In these verses, the author of Matthew is encouraging his readers. He is saying, “Don’t worry about material things. Your Father knows what you need and he’ll provide. Don’t worry about the future because your God is in control.”
As a college student, I’m constantly under a lot of stress. I’m always worrying about upcoming exams, papers, my job, you name it. I’m under a lot of pressure. Whenever I reach the point when I’m about to give up, I’m somehow always reminded of this verse. I’m then reminded that I have no reason to worry about things in the future. I can’t control what’s going to happen. God is in control and he will provide exactly what I need and when I need it. This verse also speaks to any and every one who is stressed about money. GOD WILL PROVIDE.
In these verses, Paul is writing about hard times and why they are good for us.

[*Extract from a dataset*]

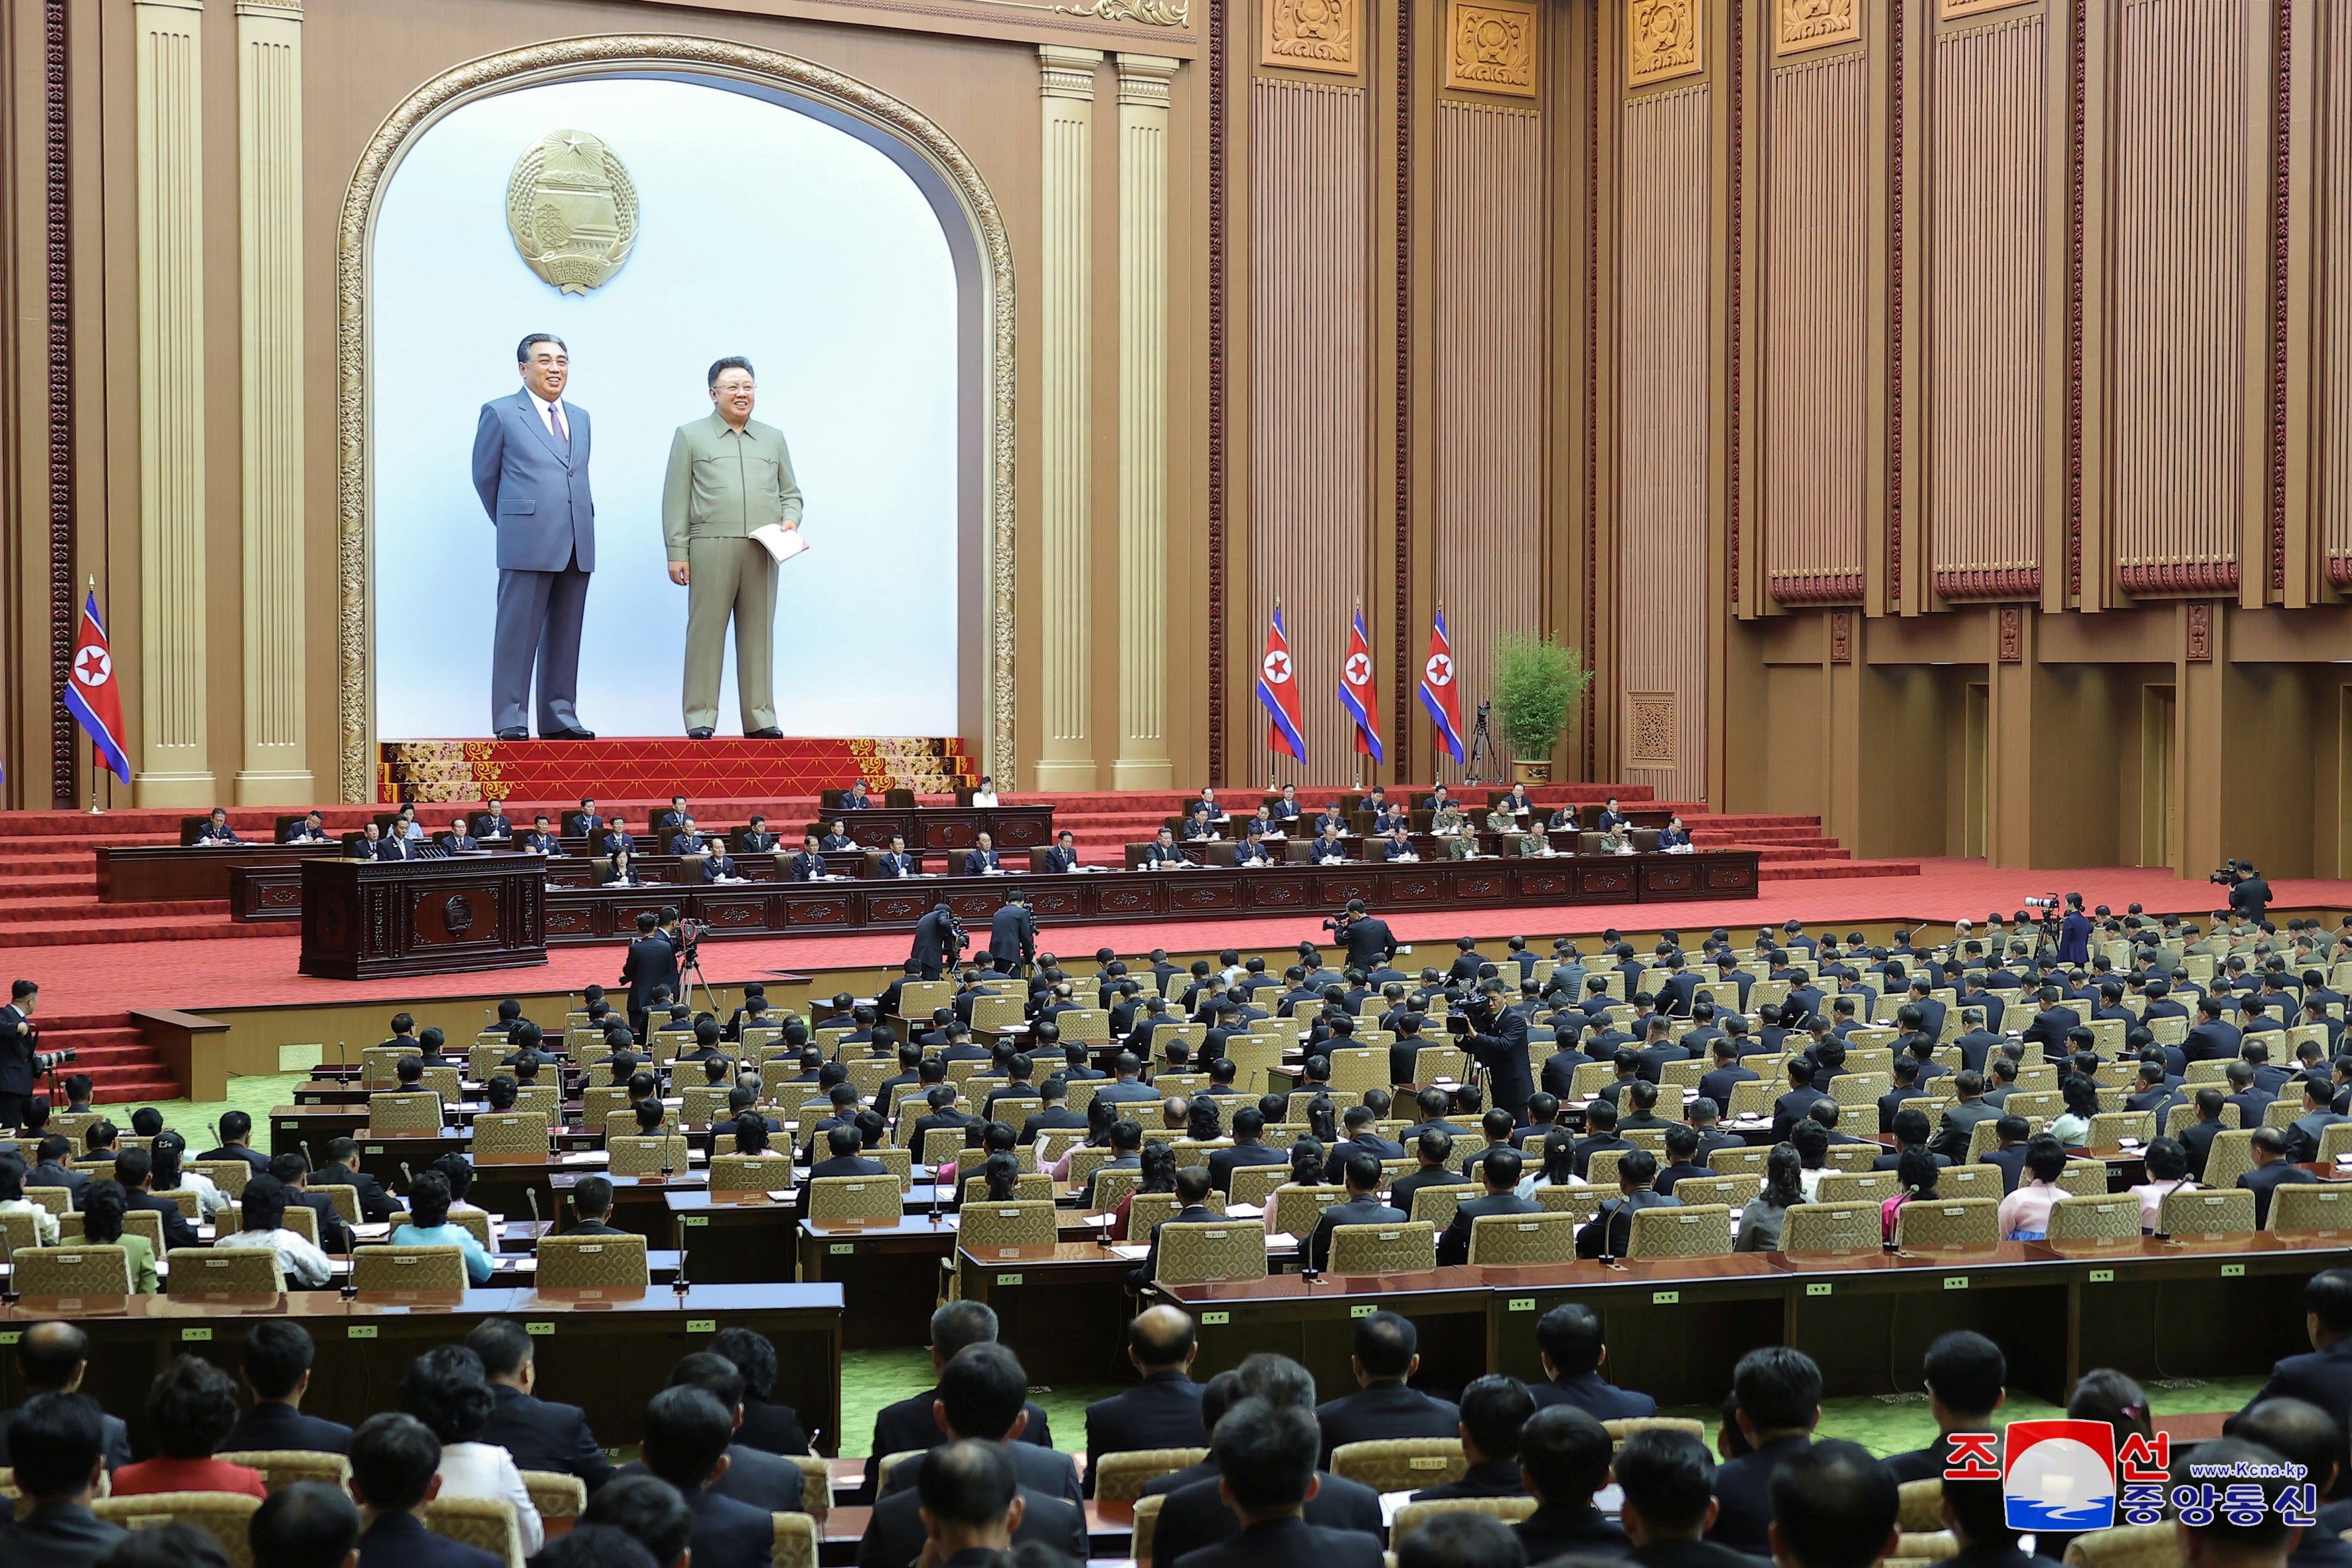 The 9th Session of the 14th Supreme People’s Assembly of the Democratic People’s Republic of Korea is held at the Mansudae Assembly Hall in Pyongyang in this undated photo received by Reuters on 28 September

These verses inspire me in a similar way that Matthew 6:31-34 do. Paul is telling the Romans, “Rejoice in your life’s hard times. They make you stronger!” I love the way he says that we learn to endure, which strengthens character, which strengthens our confident expectation in salvation. It’s a very linear claim that really encourages me when I’m having a hard time. After reading these verses, I like to think of hard times as challenges and the bigger the challenge- the bigger the reward in character.
Paul uses a certain phrase in this verse that has stuck with me for quite a while now. He’s talking of slaves an masters and says we used to be slaves to our sin, but we’re now “slaves to righteousness.”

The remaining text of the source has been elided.